Thanks Uwe!  Responses inlined below:

On Thu, Aug 17, 2023 at 9:46 AM Uwe Schindler <u...@thetaphi.de> wrote:

> this error indeed cannot happen as all our segments are shared. It could
> still be some bug in the Java 19 version, did you try Java 21 or Java 20?
>
OK, phew, that is what I thought (from reading Lucene's sources).  We are
testing Java 20 now (though EOL is in ~4 weeks -- hard to keep up!), and
soon Java 21.  Maybe we'll just go straight to Java 21 if there are no
problems.  This exception only happened on a single host (and JVM) across a
great many Lucene instances we run so whatever bug it is: it looks very
rare.  But, for that host, the exception happened a great many times, for
the few hours that this JVM was alive.

> It may also be a Coretto problem, maybe contact their team, maybe they
> have applied some changes. ScopedMemoryAccess is using an extension to the
> original Java memory model internally (I think the changed something in the
> specs), so it changed quite a lot internally. Maybe Coretto has some
> patches for hotspot that make the memory model changes hit us?
>
Good idea -- we will reach out to the Corretto team.  Scary to be using
extensions to JMM which was already complex enough to begin with!

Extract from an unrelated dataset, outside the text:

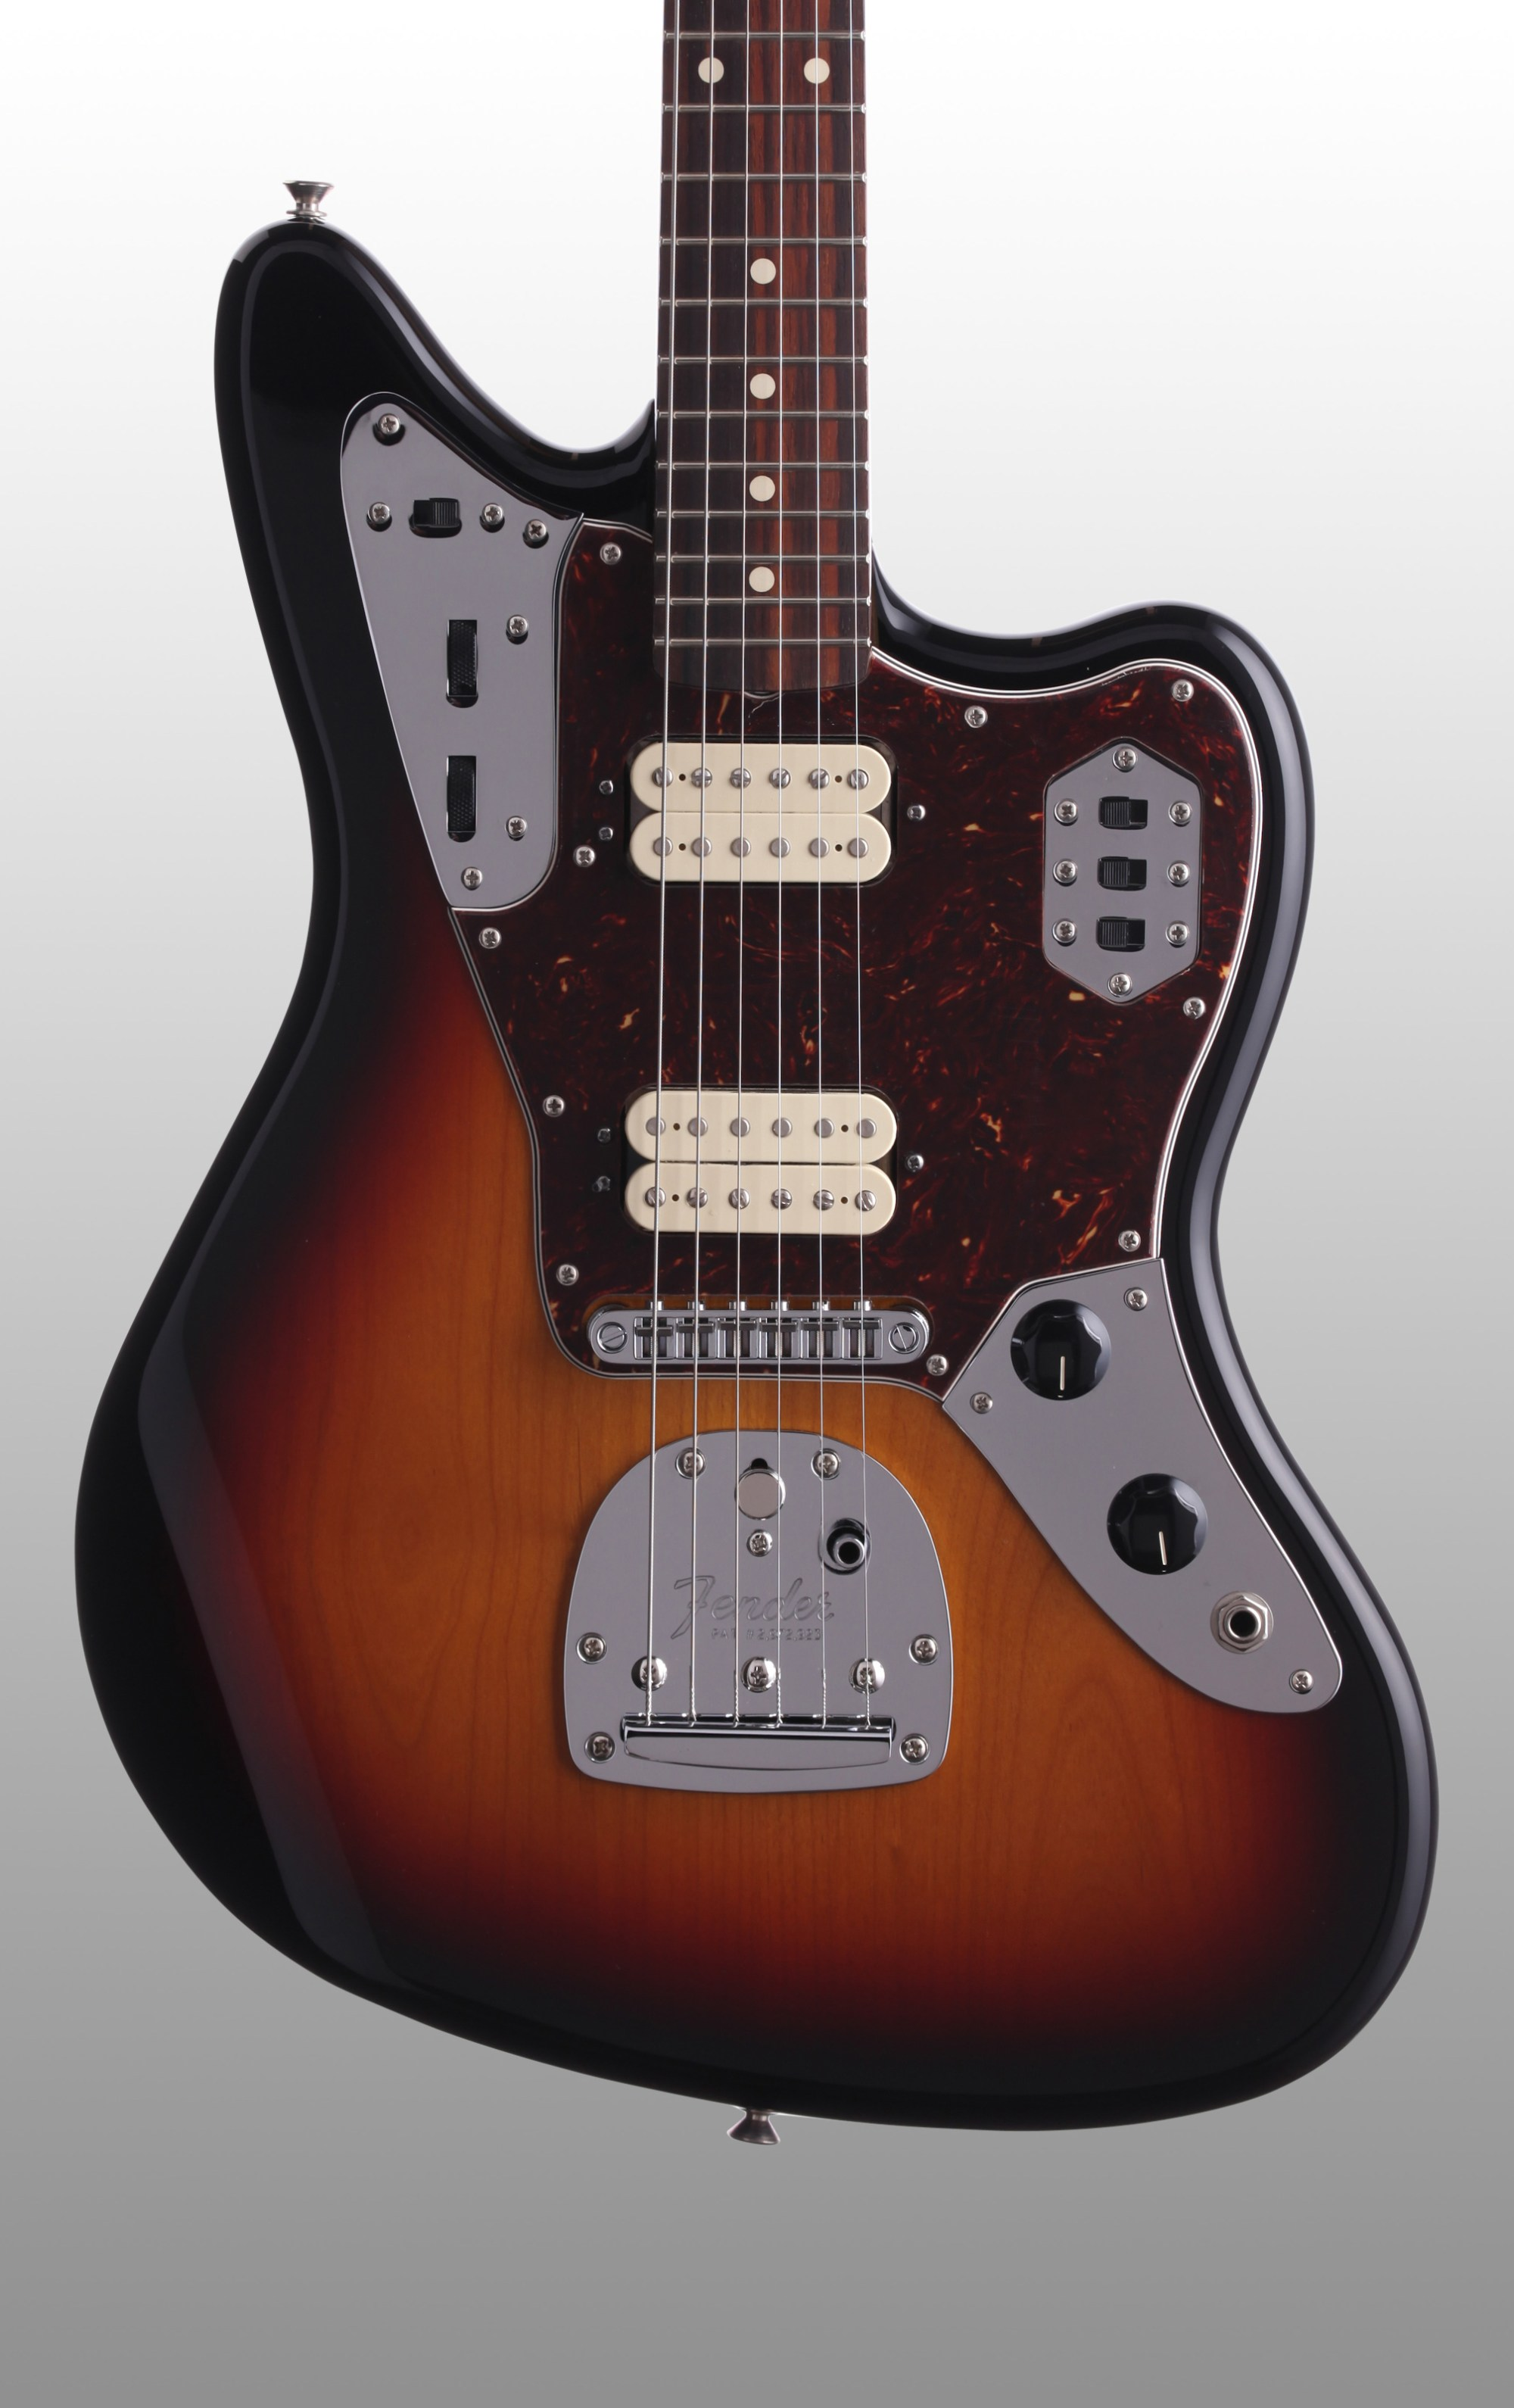 hight resolution of fender jaguar guitar wiring diagram in addition dishwasher air gap 6635d1350101660110ccbasicwiringsetup5wirelifanwiring041605

> I don't think the bug is in Lucene's code, because if a thread is shared,
> it is shared. Maybe some other problem could be: Have you maybe
> accidentally closed the IndexInput too early. Normally this should cause an
> IllegalStateException (we have a test for this), but I am not fully sure
> what happens if the shared scope was already closed. I remmeber there were
> some bugs in 19, but it is already too long ago. So please try with plain
> OpenJDK Java 21 (or 20).
>
I don't think we are closing IndexInputs too early -- we would see many
many exceptions if so, I hope.  We will expedite getting off 19.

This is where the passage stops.